- Ну, а понятие Родины, - бормочу неуверенно, - это у вас никак?..
- Родина! - восклицает Людмила удивленно. - Моя Родина вот!
Опускает стекло и выбрасывает руку к морю.
- Я помню себя четырех лет и помню себя в море. Вот это и есть моя Родина. И уж, будьте уверены, жить дальше километра от моря я не буду...
- Я же не это имею в виду. Вы понимаете...
- Да понимаю, - отмахивается Людмила. Поднимает стекло, стряхивает капли дождя с рукава.
Валера отвернулся от нас, сидит вполуоборот, постукивая пальцем но баранке. Я вижу его профиль, а хотел бы видеть глаза.

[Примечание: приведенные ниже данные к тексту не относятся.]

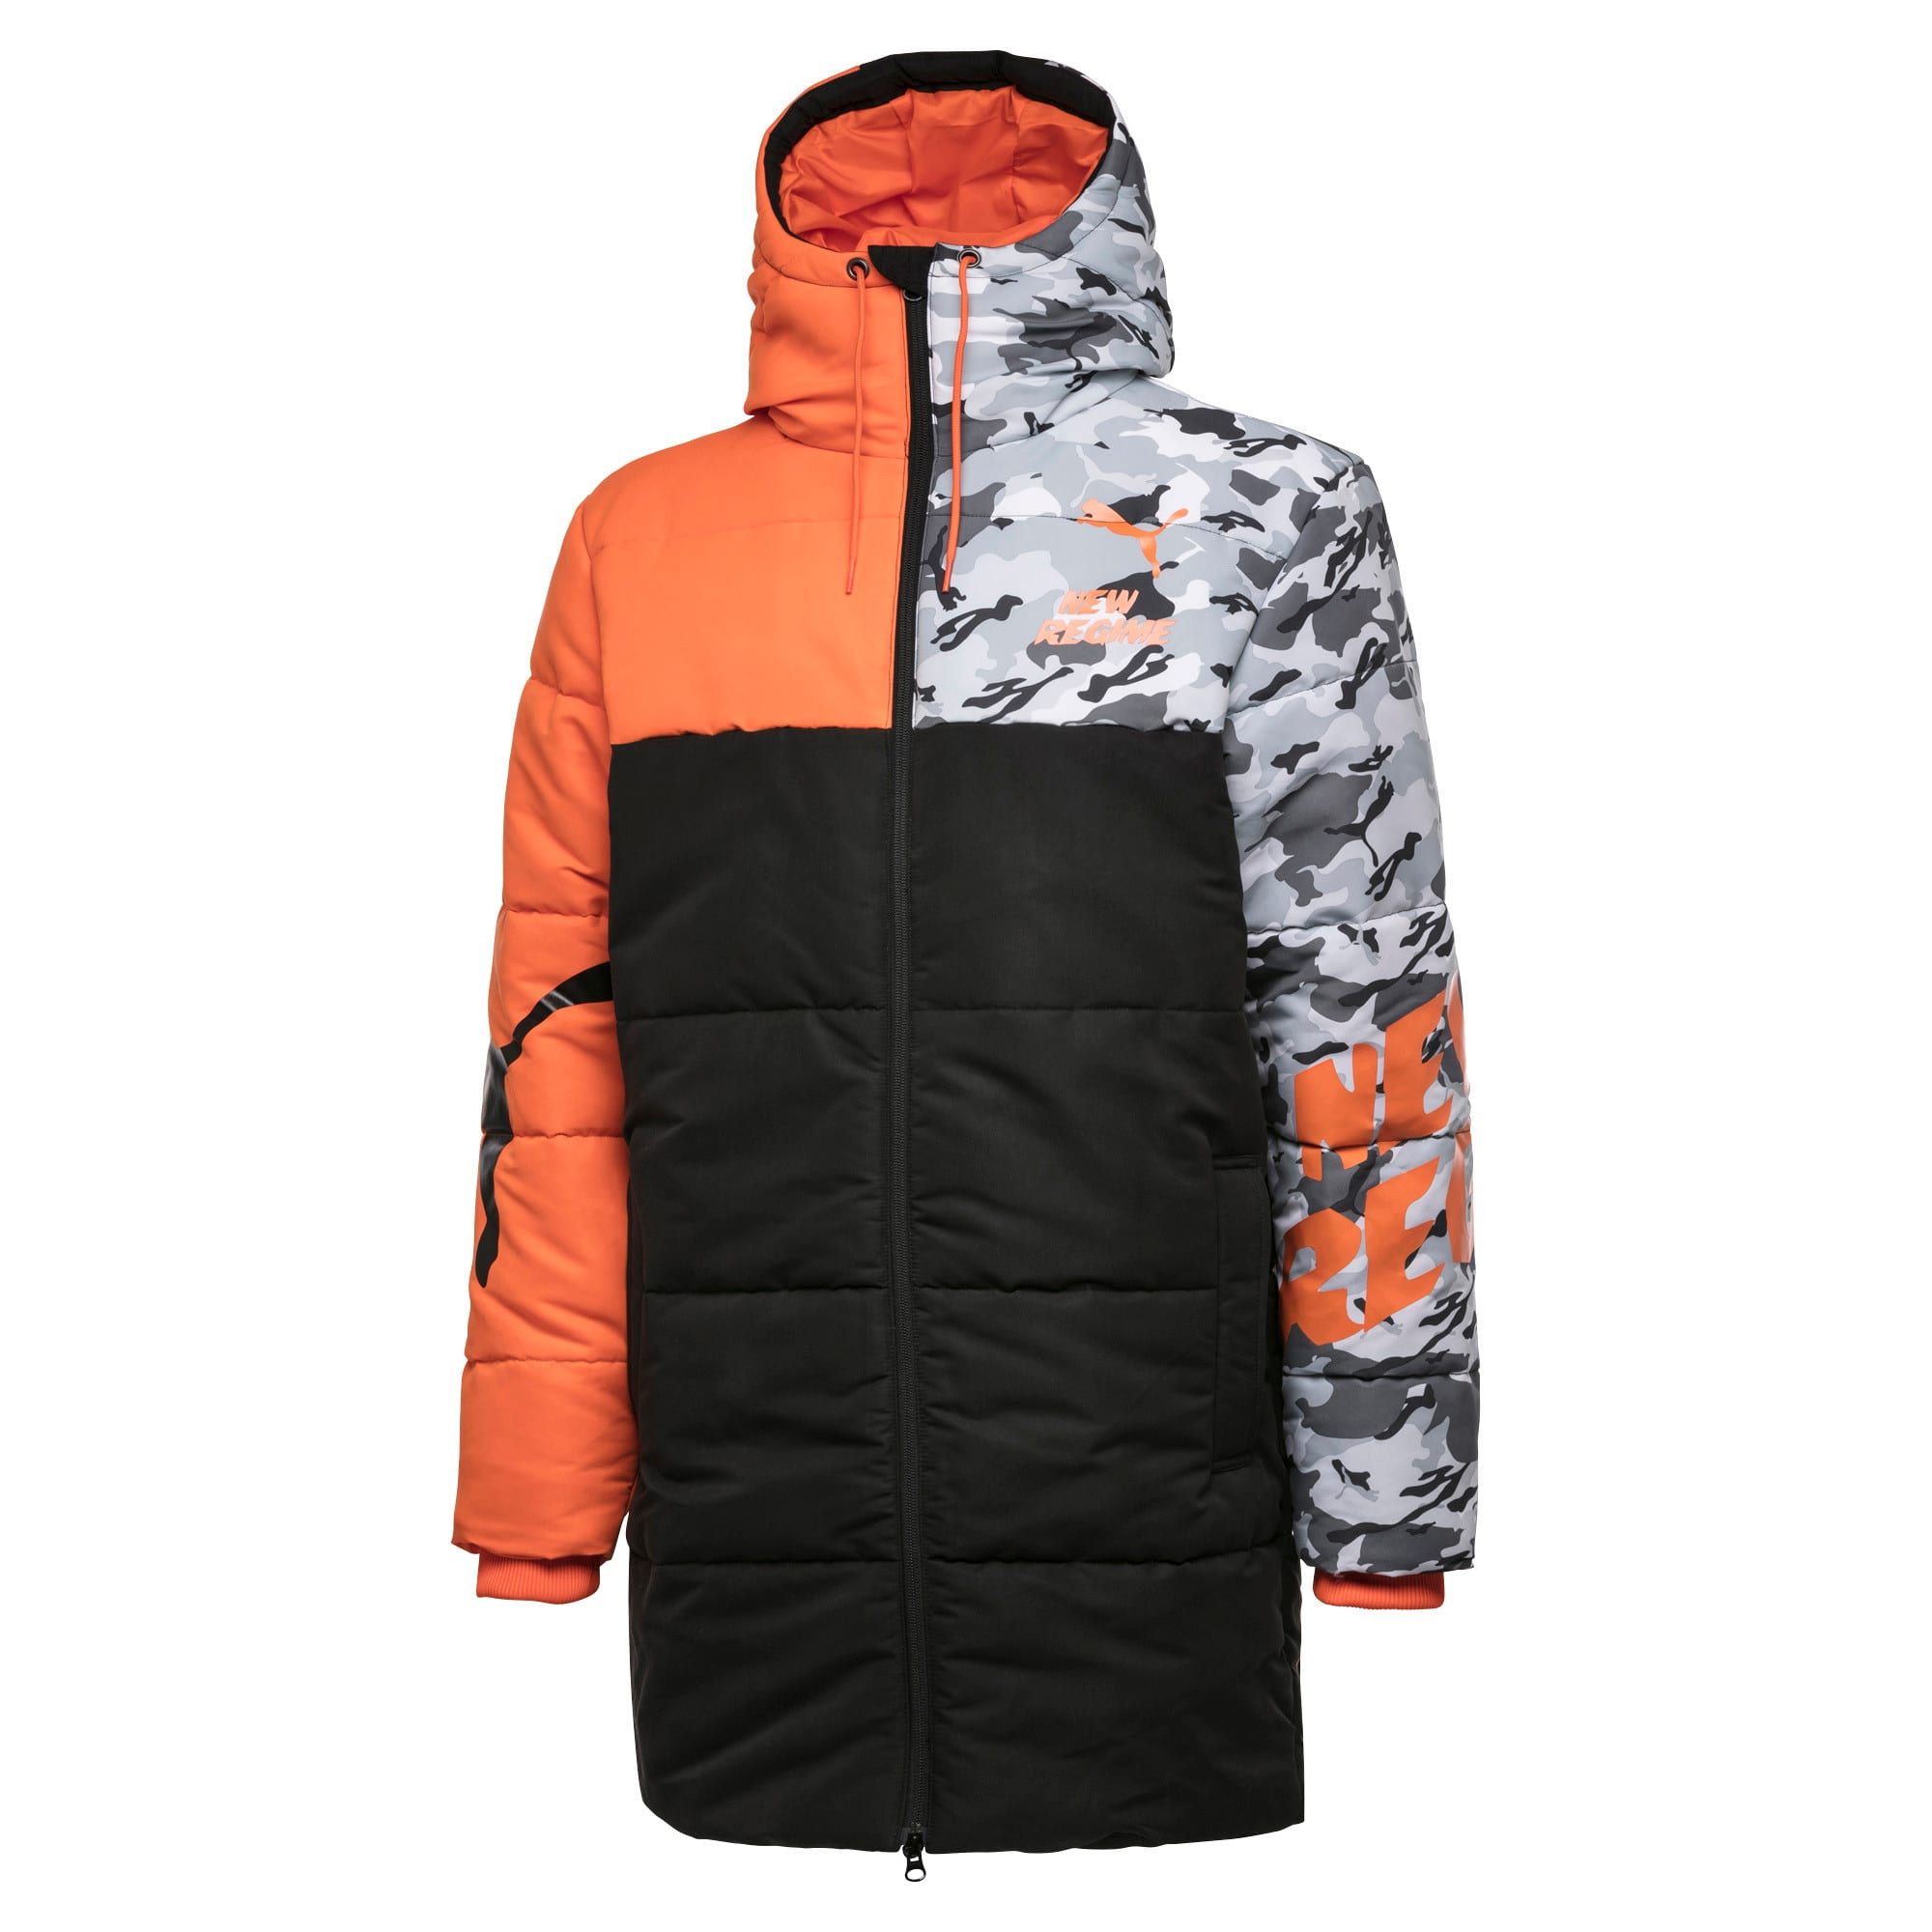 Thumbnail 1 of PUMA x ATELIER NEW REGIME Long Zip-Up Men's Hooded Jacket, Puma Black, medium

- Каждое слово помню, - негромко говорит Людмила, - из того, что вы мне рассказывали на катере. Вы жили где-то в глуши, и ваши глаза всегда были устремлены, что ли, к центру, а между вами и центром была вся эта страна, и вы ее как-то чувствовали... Говорю, как могу, а вы меня поймете, если захотите. А я все свои двадцать лет жила лицом к морю, а из-за спины надо мной нависало что-то громадное, огромное, чего я ни понять, ни намерить не могла и не хотела. И мне сзади все талдычили: это Родина, это Родина, а я все равно смотрела только на море. А то громадное, что за спиной, оно все время чего-то от меня требовало и врало, врало через газеты, радио, через кино, врало и требовало, чтоб я его любила и поступала гак, как оно требует, чтобы мои поступки не противоречили тому, что оно врет. Я хотела хорошо жить, как я это понимаю, мне говорили, что это аморально, и врали про свое. И вот получилось: вы говорите "Родина", а мне противно, потому что изоврались... А море, оно никогда не врало, оно либо теплое, либо холодное, либо тихое, либо шторм, тут никакой туфты... Чепуху говорю, да?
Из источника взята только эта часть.